6. The microchannel reactor according to claim 1, wherein the reaction channel is divided into a first reaction section, a second reaction section and a third reaction section having different lengths in the y direction, the length of the third reaction section in the y direction < the length of the first reaction section in the y direction < the length of the second reaction section in the y direction;

The length of the first reaction section in the y direction is 15-30% of the total length of the reaction channel, the length of the second reaction section in the y direction is 60-80% of the total length of the reaction channel, and the length of the third reaction section in the y direction is 5-10% of the total length of the reaction channel.

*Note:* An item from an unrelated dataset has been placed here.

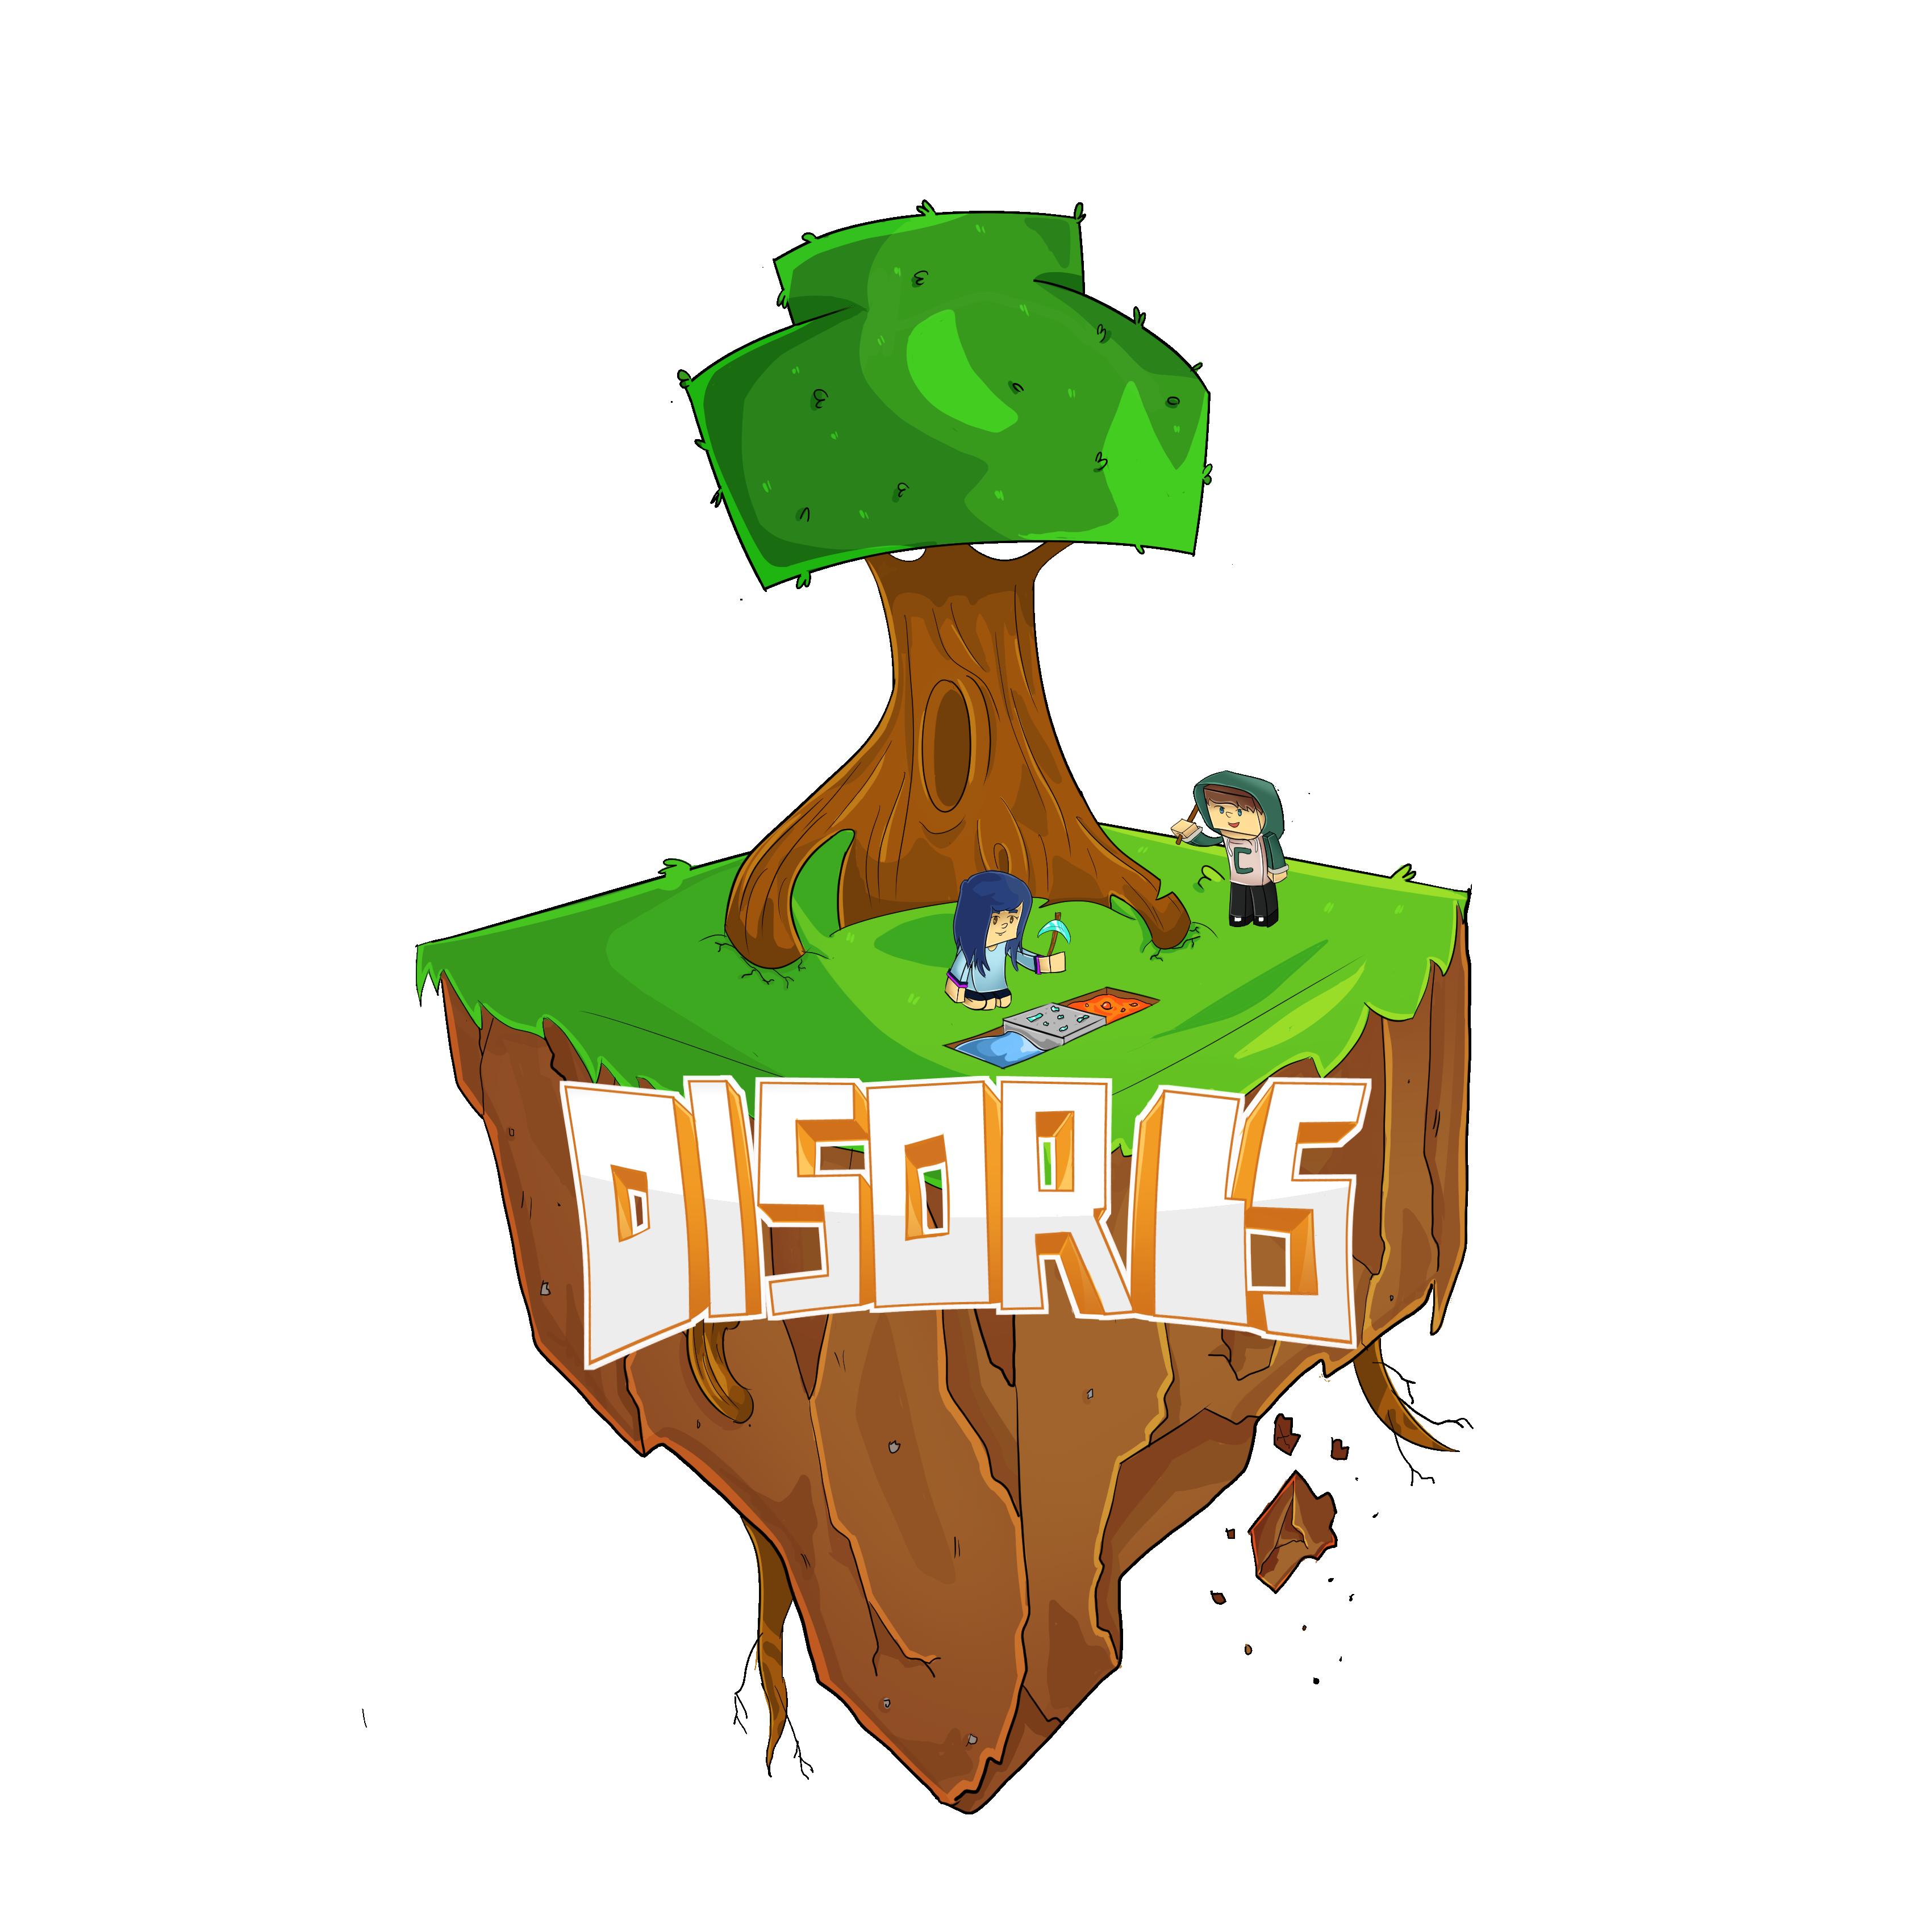 Glitch clipart green bug Disorbs Disorbs Forum Network Bug/Glitches

7. The micro-channel reaction apparatus according to claim 6, wherein a distance between longitudinal protrusions of two adjacent micro-reaction modules in the x-direction is a channel pitch;

the channel spacing in the first reaction section is the same, the channel spacing in the second reaction section is the same, the channel spacing in the first reaction section is less than the channel spacing in the third reaction section is less than the channel spacing in the second reaction section;

the ratio of the channel spacing of the first reaction section, the second reaction section and the third reaction section is 1 (1.5-2) to 1.3-1.6.

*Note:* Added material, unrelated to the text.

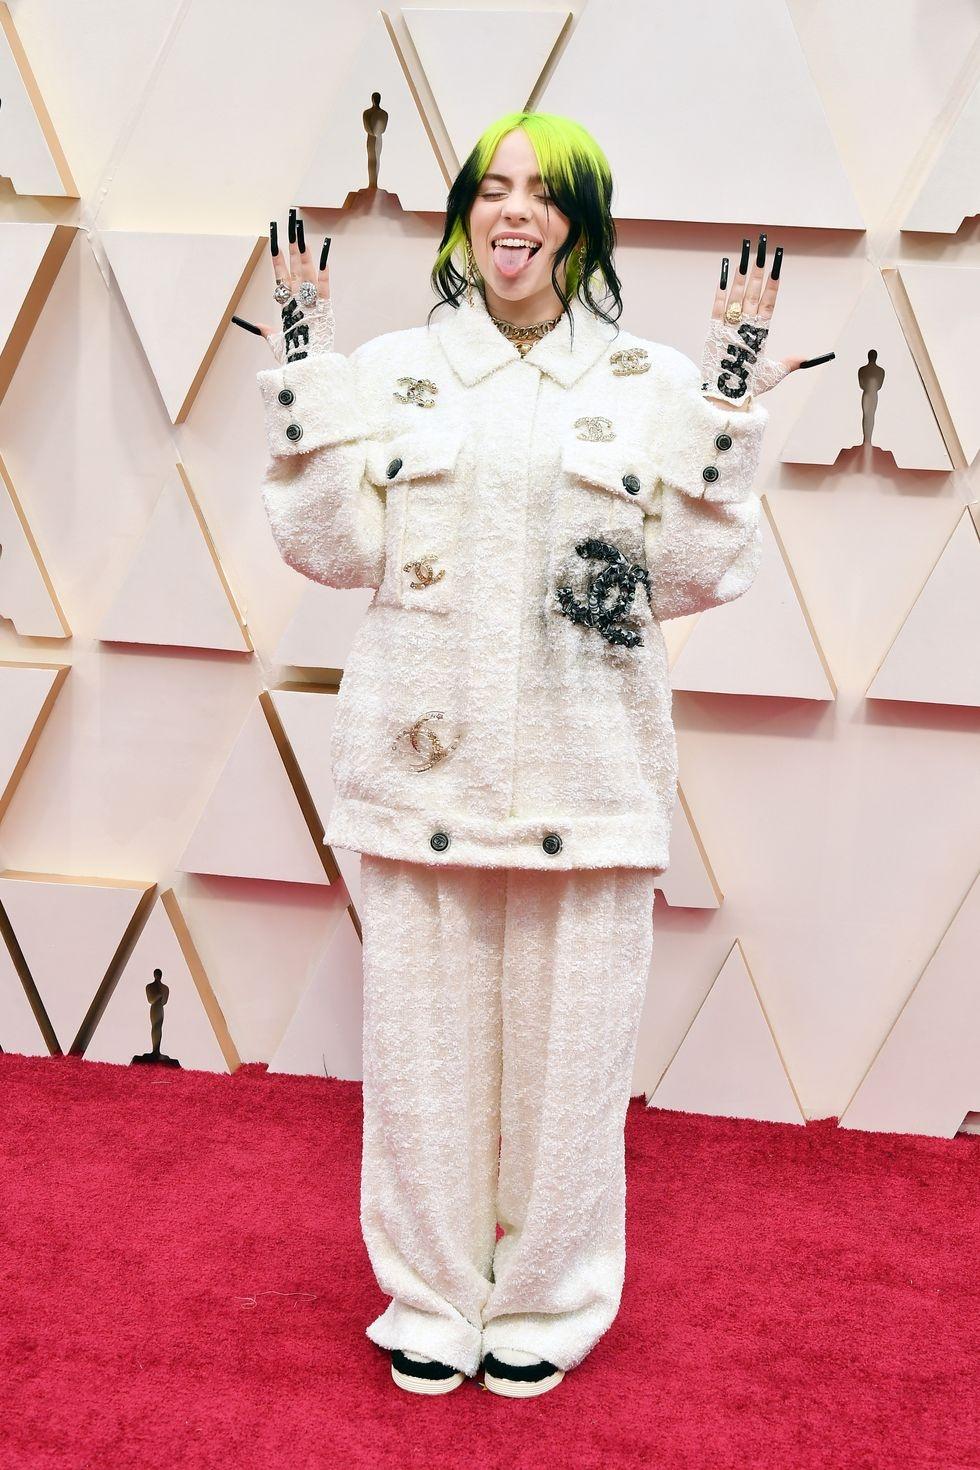 Sao nu mac dep tren tham do Oscar 2020 hinh anh 4 gettyimages_1205131666.jpg

8. The microchannel reactor according to claim 6, wherein the catalyst loading in the first reaction zone is equal everywhere, the catalyst loading in the second reaction zone is equal everywhere, the catalyst loading in the third reaction zone is equal everywhere, and the catalyst loading in the first reaction zone < the catalyst loading in the third reaction zone < the catalyst loading in the second reaction zone;

The catalyst is not filled in the first reaction section, the catalyst filling amount in the second reaction section is 70-80wt% of the total catalyst filling amount, and the catalyst filling amount in the third reaction section is 20-30wt% of the total catalyst filling amount.

9. A process for the preparation of tartaric acid, characterized in that it is carried out in a microchannel reaction device according to any one of claims 1 to 8, comprising:

and (III) discharging the epoxy succinic acid solution from a micro-channel reaction device through a discharging channel, heating and hydrolyzing the epoxy succinic acid solution, then cooling and self-crystallizing, finally carrying out suction filtration to obtain crystals, and drying the crystals to obtain the tartaric acid.

10. The process according to claim 9, wherein in step (i), the temperature of the heat exchange medium is 100-120 ℃;

the mass ratio of the tungstic acid catalyst to the maleic anhydride is (0.005-0.01): 1;

in the step (II), the mass ratio of the deionized water to the maleic anhydride to the hydrogen peroxide solution is 1 (0.9-1): 1.4-1.6;

the mass fraction of the hydrogen peroxide solution is 25-30wt%;

in the step (III), the reaction temperature of the heated hydrolysis is 105-115 ℃;

the reaction time of the heating hydrolysis is 3-4 hours;

the temperature of the cooling is 5-10 ℃.